> _Records shown_
..........
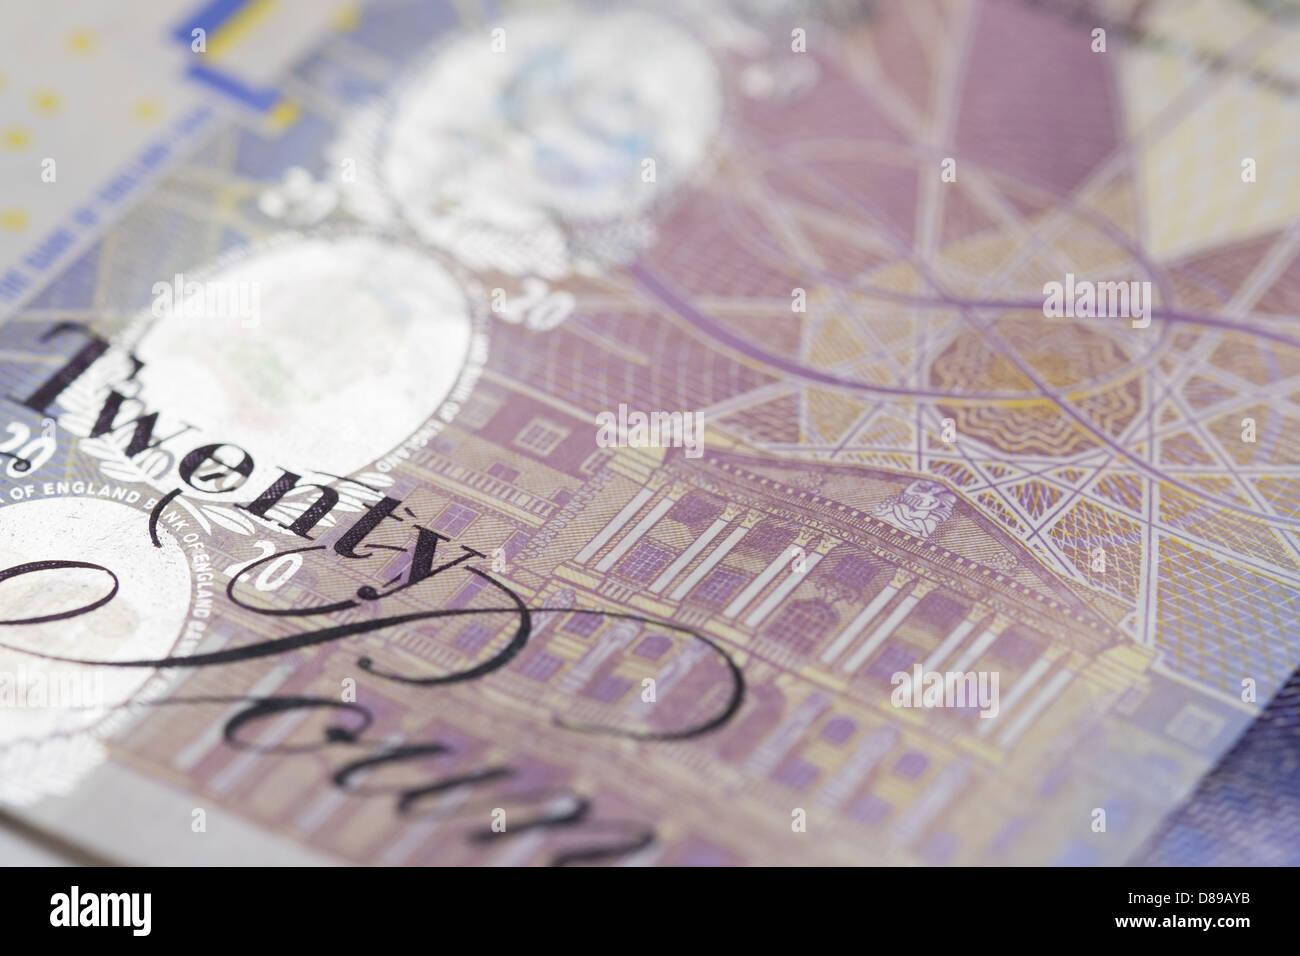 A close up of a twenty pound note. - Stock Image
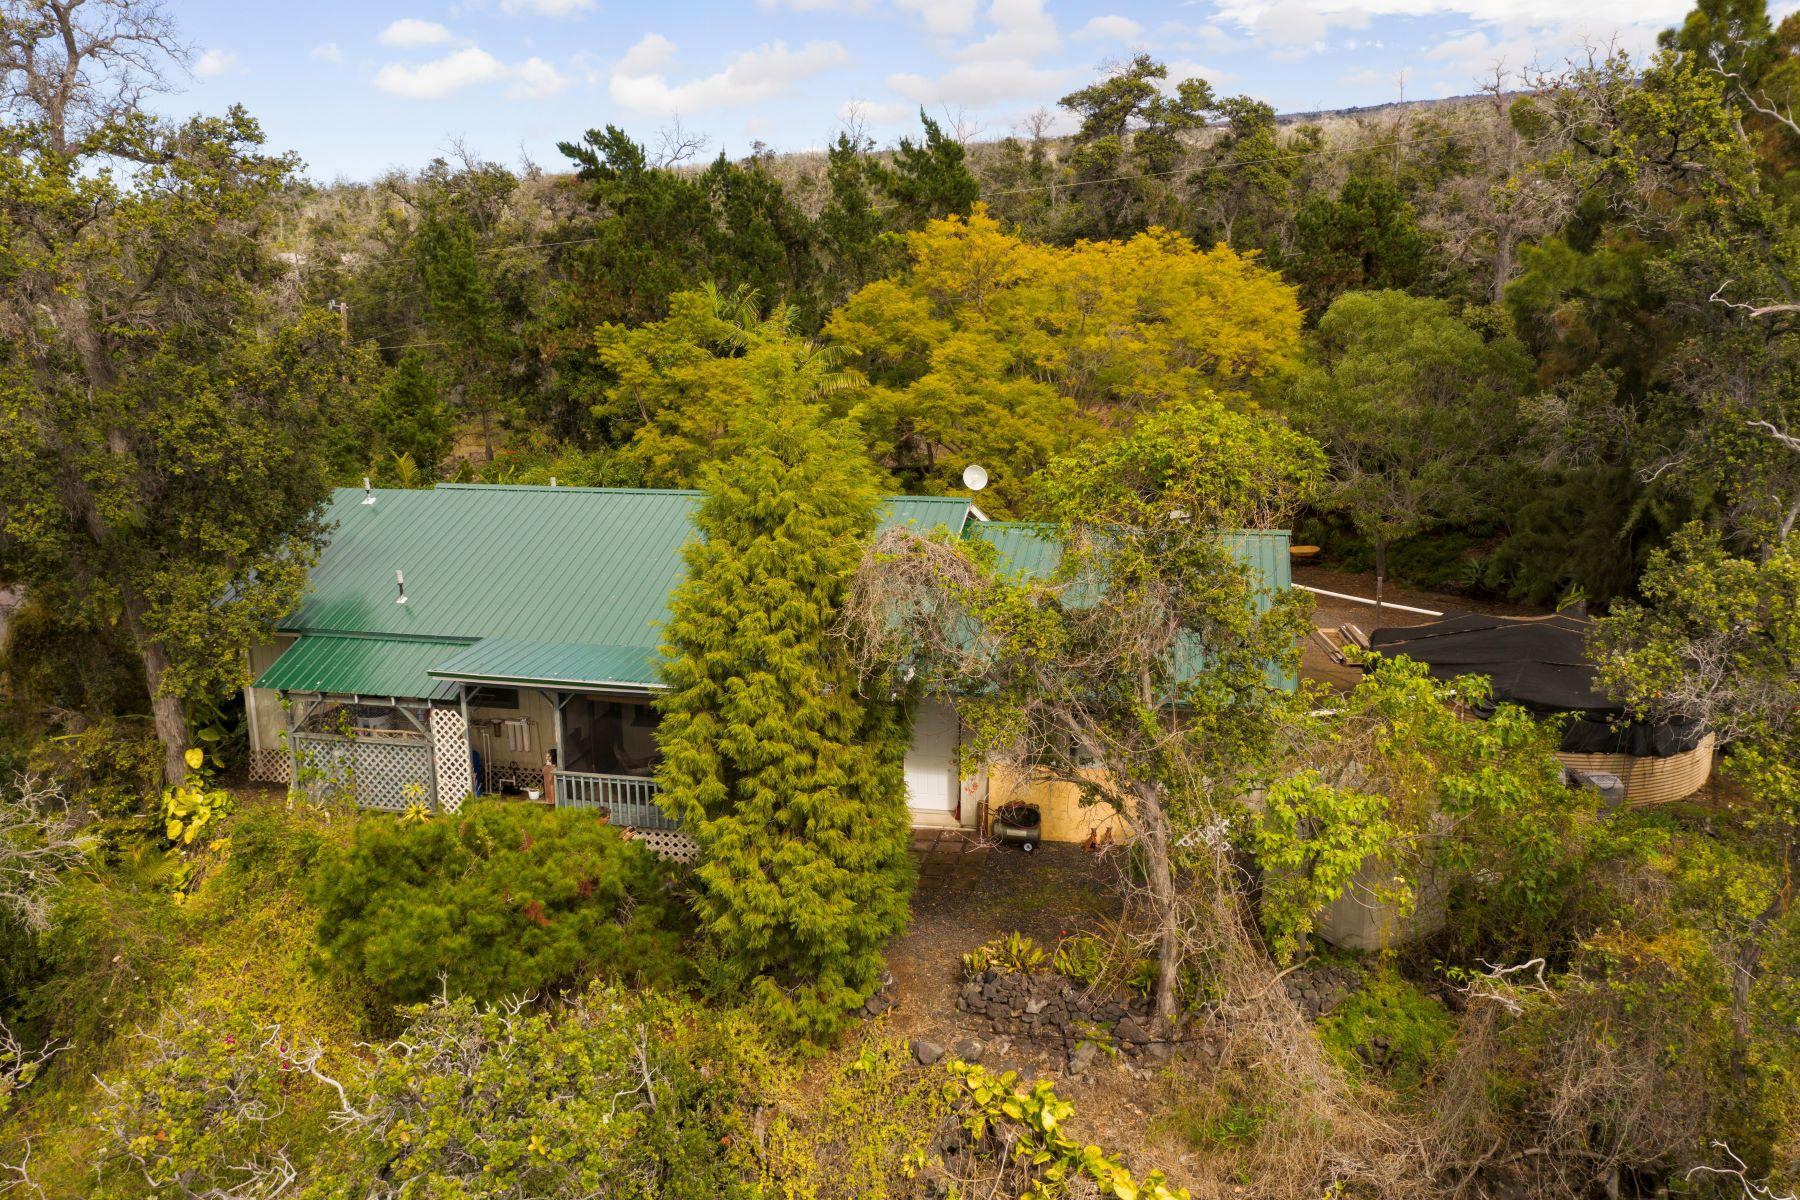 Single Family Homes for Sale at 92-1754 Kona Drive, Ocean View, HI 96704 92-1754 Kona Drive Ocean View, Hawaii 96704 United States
..........
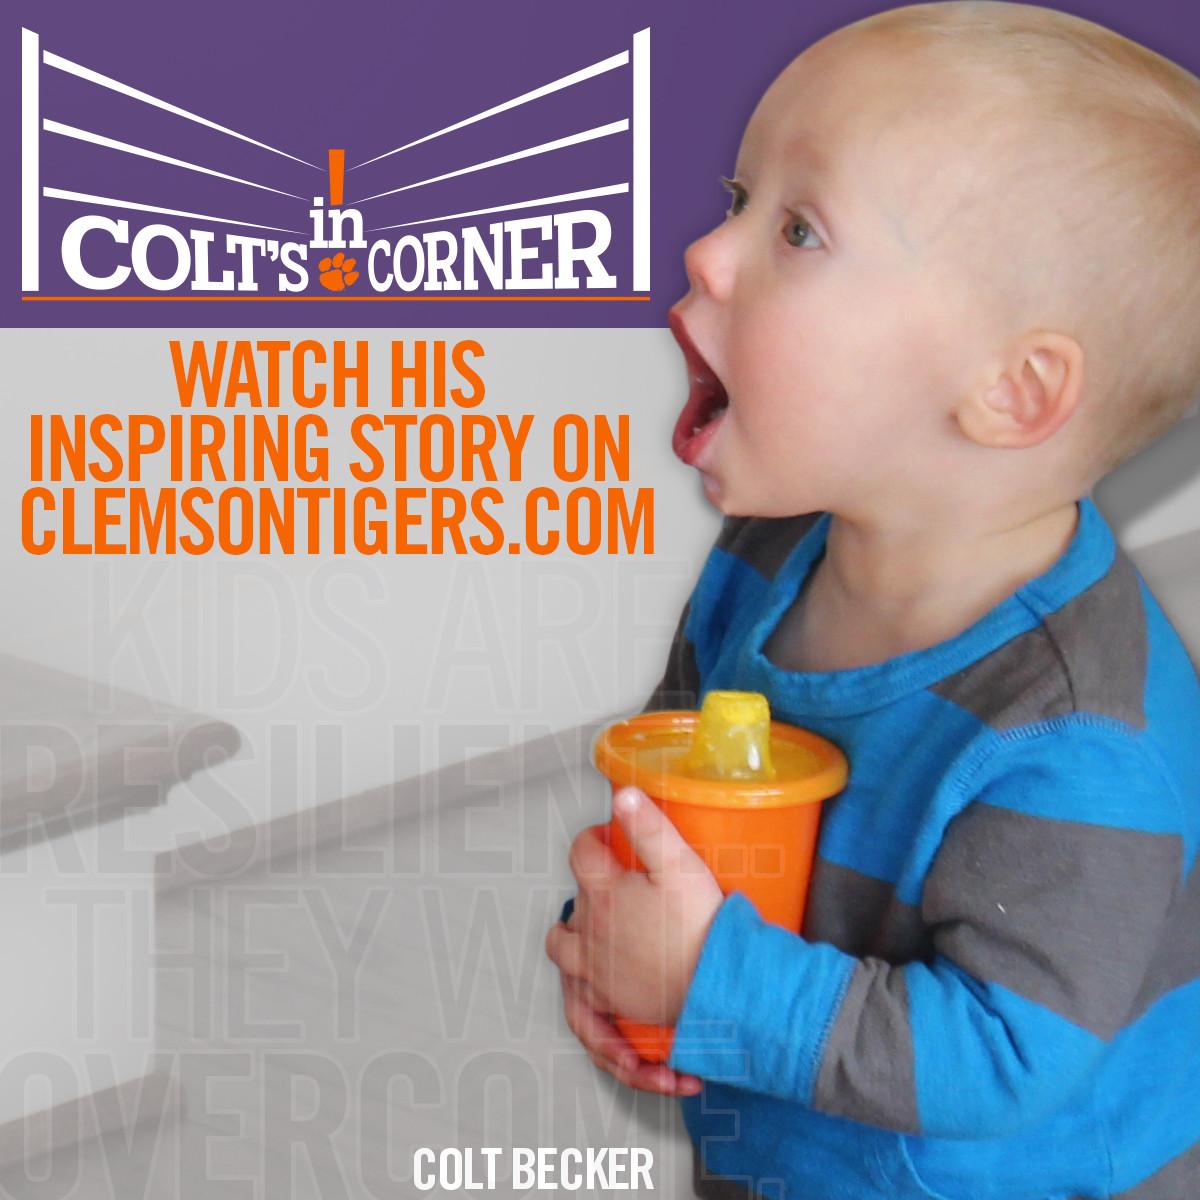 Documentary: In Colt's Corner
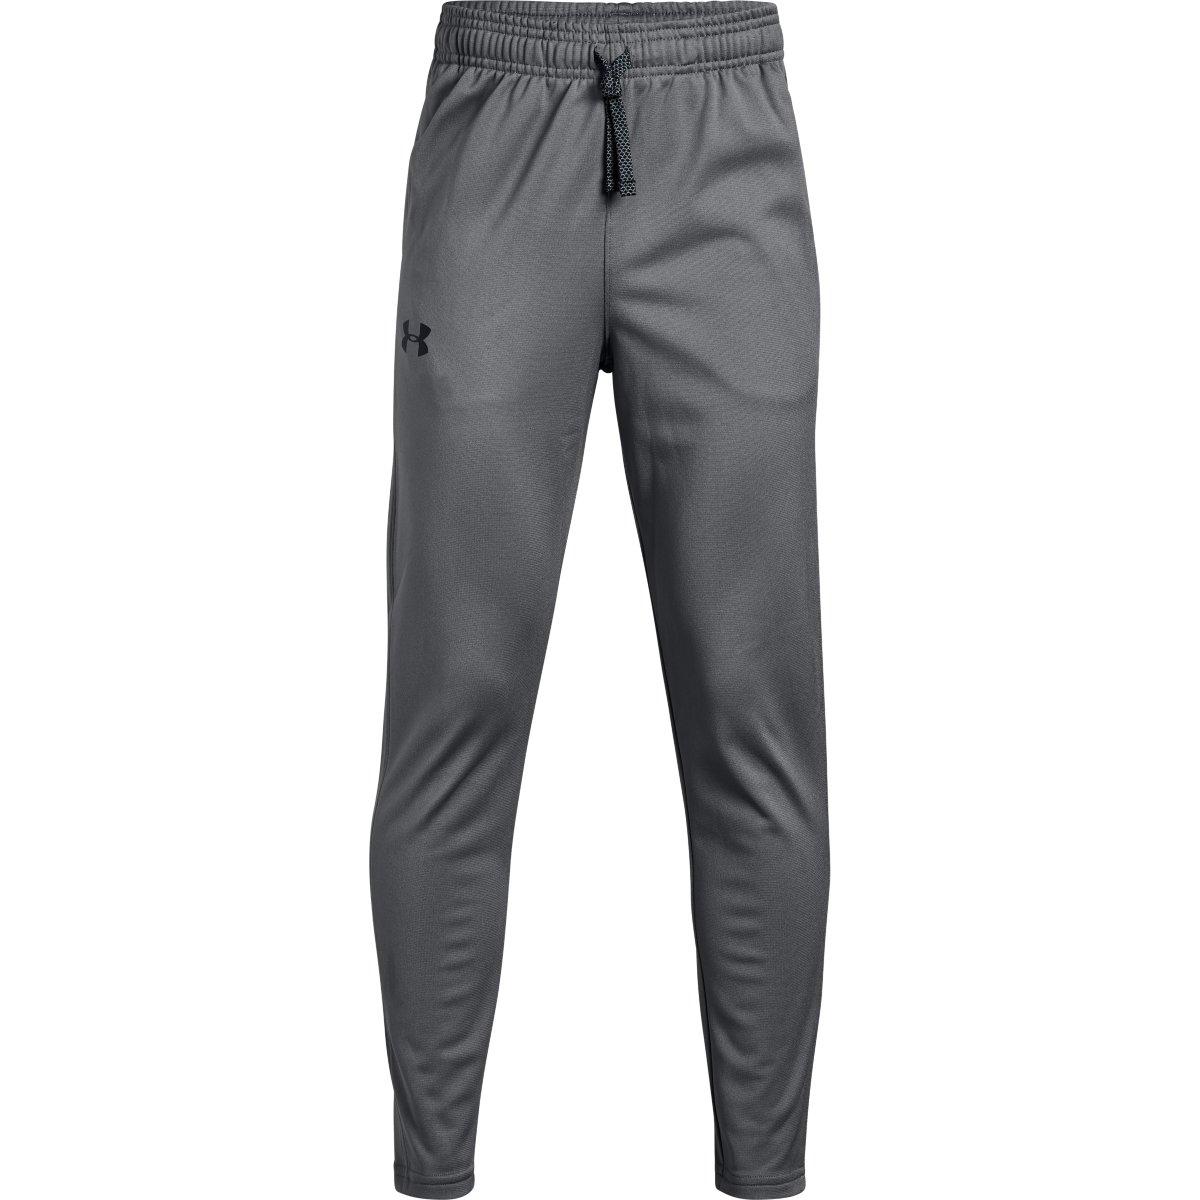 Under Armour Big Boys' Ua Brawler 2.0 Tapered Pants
..........
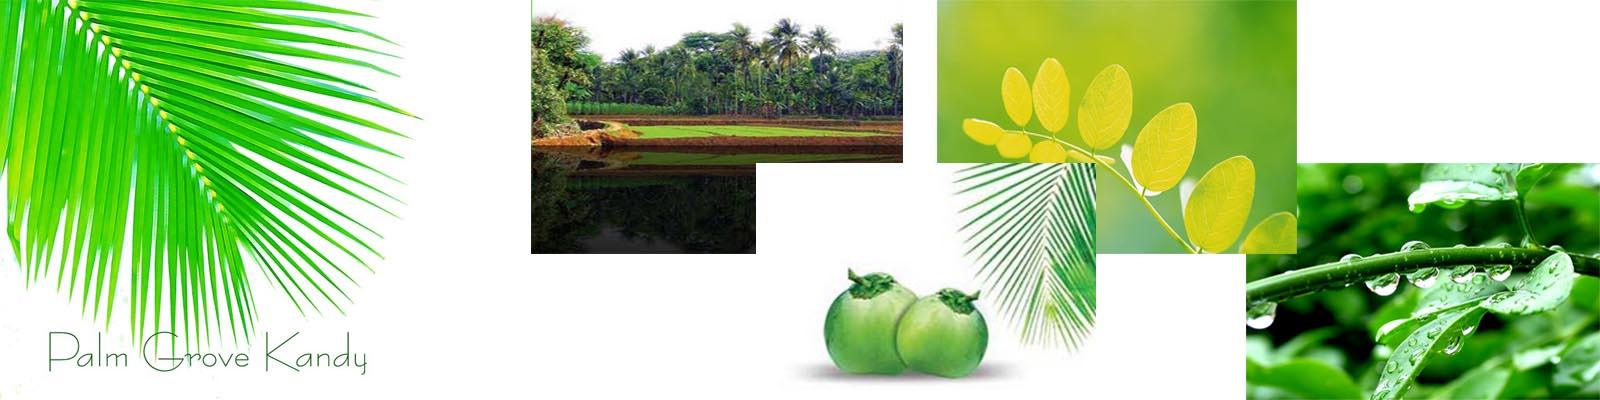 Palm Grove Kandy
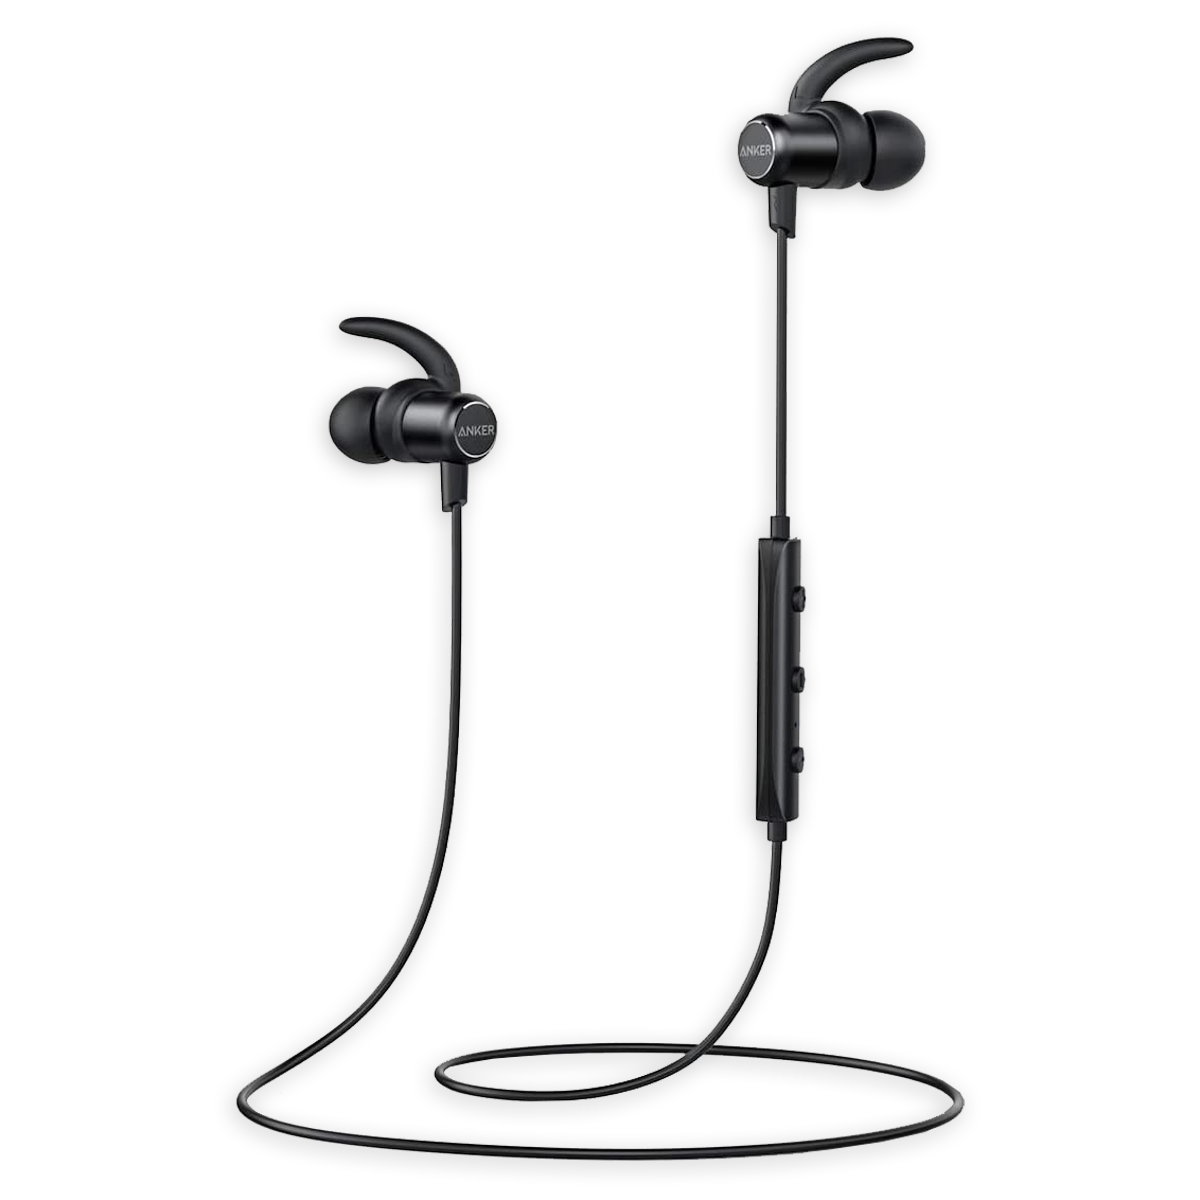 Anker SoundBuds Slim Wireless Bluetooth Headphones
..........
> _About this task_
From the material above, output only the span of lines that starts at the one containing "A close up of" and finishes at the one containing "Single Family Homes", word for word and free of pictures.

> _Result for this exercise_
 A close up of a twenty pound note. - Stock Image
 Single Family Homes for Sale at 92-1754 Kona Drive, Ocean View, HI 96704 92-1754 Kona Drive Ocean View, Hawaii 96704 United States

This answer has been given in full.